One heart-wrenching poem, "Bagged During Quarantine," is remindful of the show tune "I'm Gonna Wash That Man Right Outta My Hair," but with a seriousness of cold fury. "All his clothes and shoes bagged/in Hefty black plastic. Closet emptied/and wiped down of his smell, like after/a death, except he's still breathing..." The urge to eliminate an ex-partner from her existence is betrayed by the persistent memory of what drew her to him.
Ms. Vespoli is a magician with wordplay. She takes a restrictive genre like the abecedarian, an acrostic form of twenty-six lines that starts with letter A on the first line and presents the alphabet in order till the last line, which begins with a Z. But she DOUBLES DOWN on the form, and the last letter in the first line is a Z, and the alphabet walks backwards in successive lines until the very last letter of the very last line is an A. When a poet meets that challenge, the real, bigger challenge is to make the poem read as though no such restriction exists, so that if someone hears the poem read aloud, the lines flow, and there's no telltale clumsiness. Ms. Vespoli succeeds magnificently in achieving that flow.
And she has also taken the Triolet form and in eight lines, some repeated, wrought a gemstone of desire-by-implication with remarkably few words. Reading "Remember Triolet" is likely to trigger an erogenous response in those readers with a susceptibility to hypnotism, and perhaps in some with no such susceptibility.
Conclusion: This is a book for fans of eroticism of the softer, yet deeper, variety. It is more honest and less gawdy than Erica Jong's FEAR OF FLYING, more to-the-point and less dated and windy than THE MEMOIRS OF CASANOVA, more realistic and less stabby than LES LIAISONS DANGEREUSES. Read it and weep, and laugh, and sigh.

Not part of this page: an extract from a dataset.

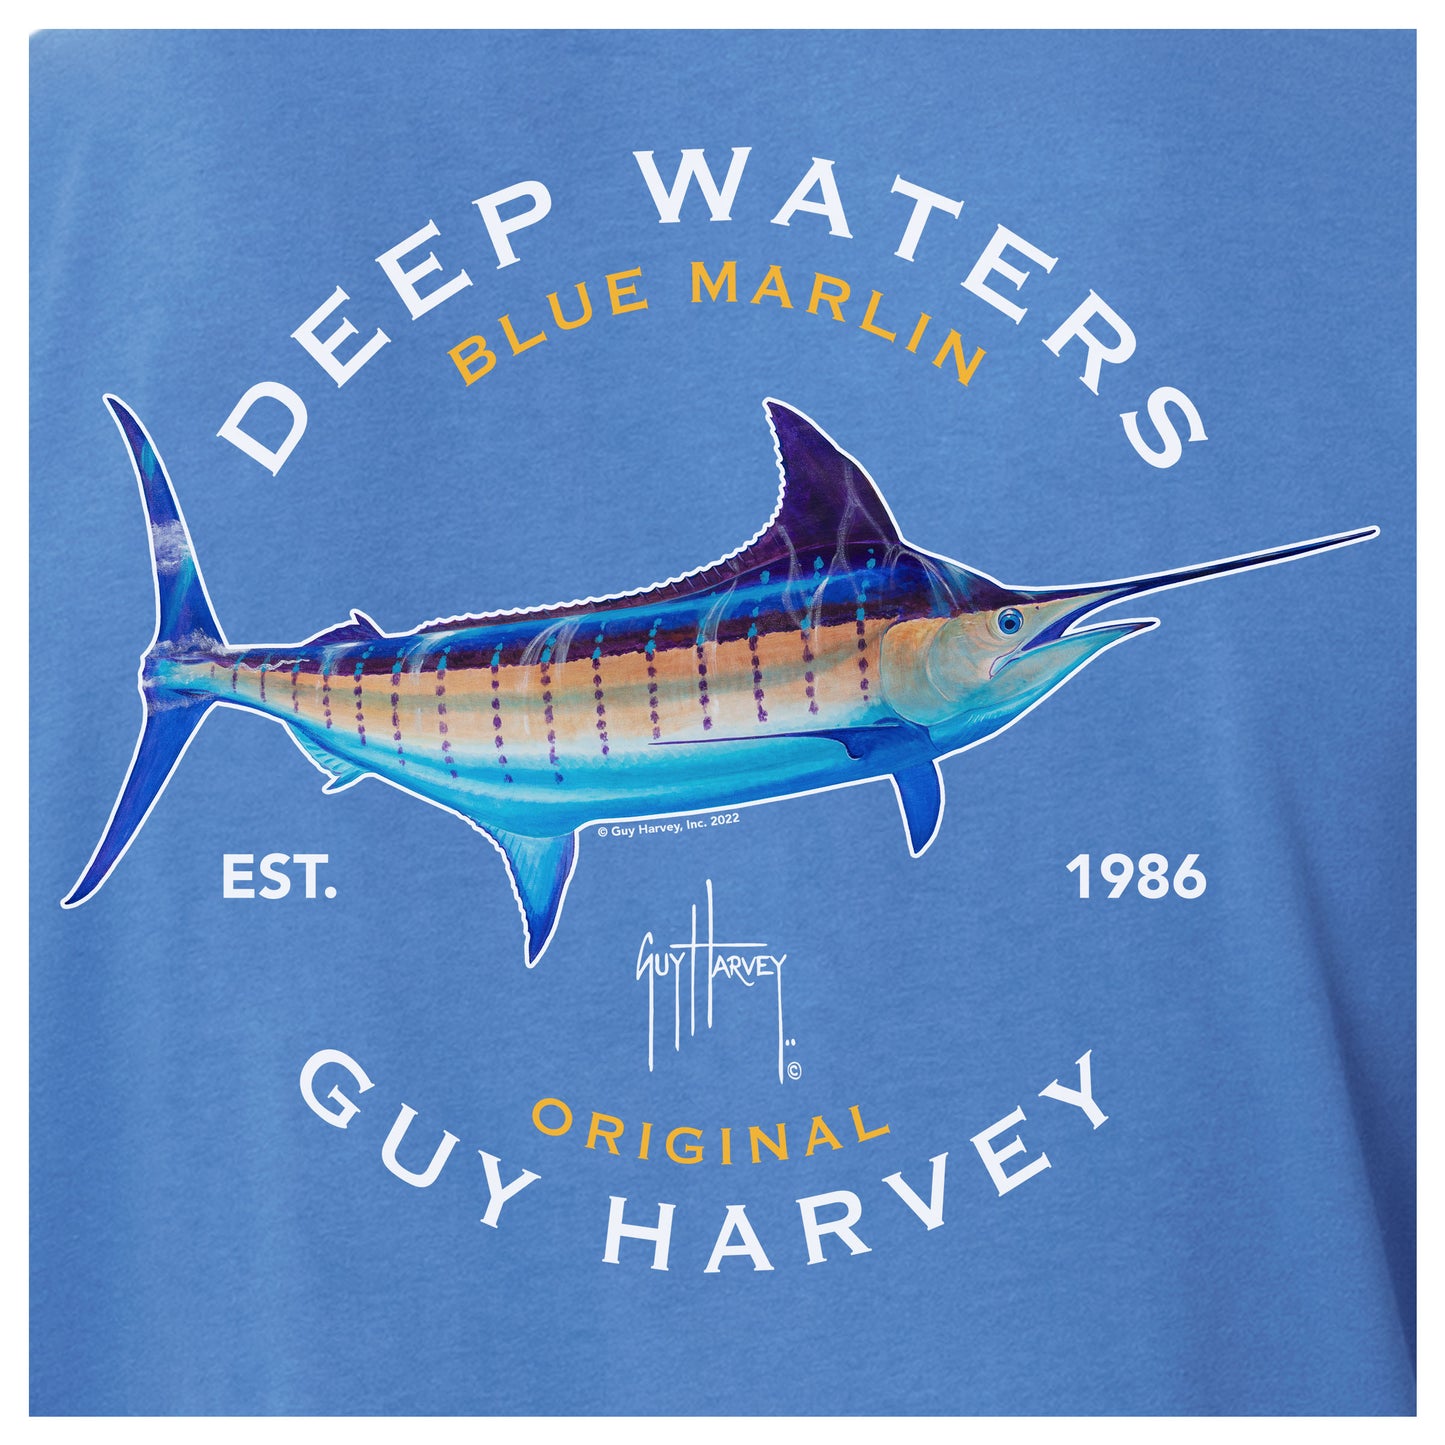 t-shirt medium Guy Harvey deep sea fishing boat ocean 19.5 inches pit to  pit

I love this book! It's like sitting down with a friend, a true original, who is honest, witty, rueful, passionate, and a really good poet. Susan Vespoli takes uson a ride through a great romance after a crappy marriage, crisscrossing the country, whale watching, kissing, but then the toll taken by COVID-19, which was hard on so many relationships. We sense how utterly real she is, spontaneous, emotional, loyal, insightful, and above all honest with herself (and us). Her memorable details stay with me, full of color and imagination. Just as we do, she hangs in there, finding consolation in granddaughter, dogs, friends. Ultimately this gem of a book celebrates it all.
Susan Vespoli has an eye for striking details. In poems that showcase present-day dating, love, loss and their aftermaths, she writes with frankness and unrepentant humor. Here, with a good deal of irony, is the woman who wants "to smash the glass/Buddha head into my now X's noggin" when he casually ends their relationship. By the time she explains that she "tore off our bed sheets/and bought a pink set", reader, you'll be cheering for and with her. CACTUS AS BAD BOY is a deliciously fun and funny book of poems.
Susan Vespoli's second full-length collection rises to the occasion, stands at attention...but all kidding aside, its a heart wrenching contemplation on a broken love affair, with a guy who, well, optimizes the expression "all about me." There's humor here too, lots of it. I laughed a lot, sighed and sympathized, and admired the hell out of these raw, honest, beautifully rendered poems.